Our Nordic Green Indices – which tracks the Nordic green transition – for May 2022 confirmed what may already have been obvious, but needed to be said – the Nordics green future rests on the success or failure of wind power.
During the month Denmark joined with Germany, the Netherlands and Belgium to announce that it was targeting a 10x increase in the amount of wind power to be produced from the North Sea, increasing capacity by 150GW by 2050. Separately, Norway also released its strategy for offshore wind power, which is to build 30GW of capacity. Business is already picking up the new sense of urgency from Nordic governments, with a number of large projects now being pushed.

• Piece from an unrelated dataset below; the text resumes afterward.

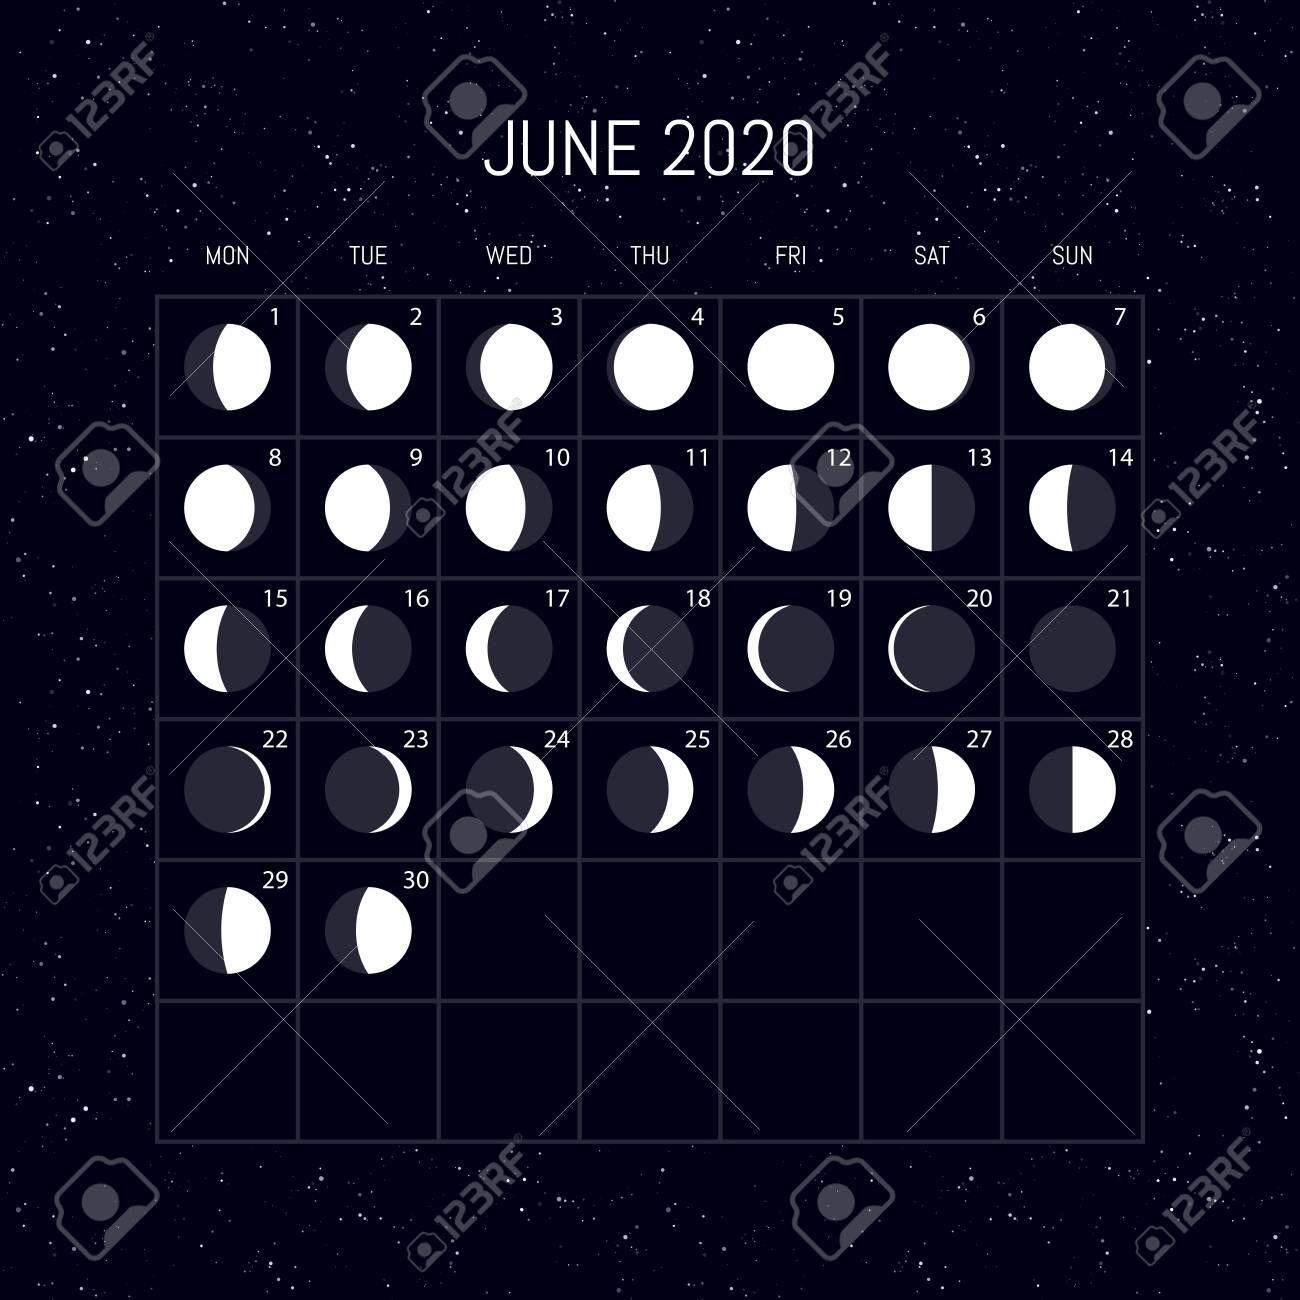 Moon Calendar June 2020 In 2020 | Moon Calendar Moon Phase

New wind power is not just a source of electric power. It is essential for the production of hydrogen, which in turn is necessary for making green steel. Denmark’s Copenhagen Infrastructure Partners said that it wanted to build “Hydrogen Island” on the Danish portion of Dogger Bank, supplying 7% of Europe’s green hydrogen by 2030, manufactured from what it says is one of the world’s lowest cost sources of renewable power.
Although financing was down there were still some very notable deals done. Polarium, a Swedish battery manufacturer, announced that it had secured SEK 955 million from AMF, valuing the company at more than USD 1 billion. Yara announced that it intended to spin out its Yara Clean Ammonia business on the stock market, and the Swedish chemical company, Perstorp was sold to Malaysia’s Petronas for SEK 24 billion.
It was also an above average month for battery projects. The Polarium financing and ABB and Siemens backing of Morrow Batteries, a cobalt-free Norwegian battery start-up, were amongst the most interesting news.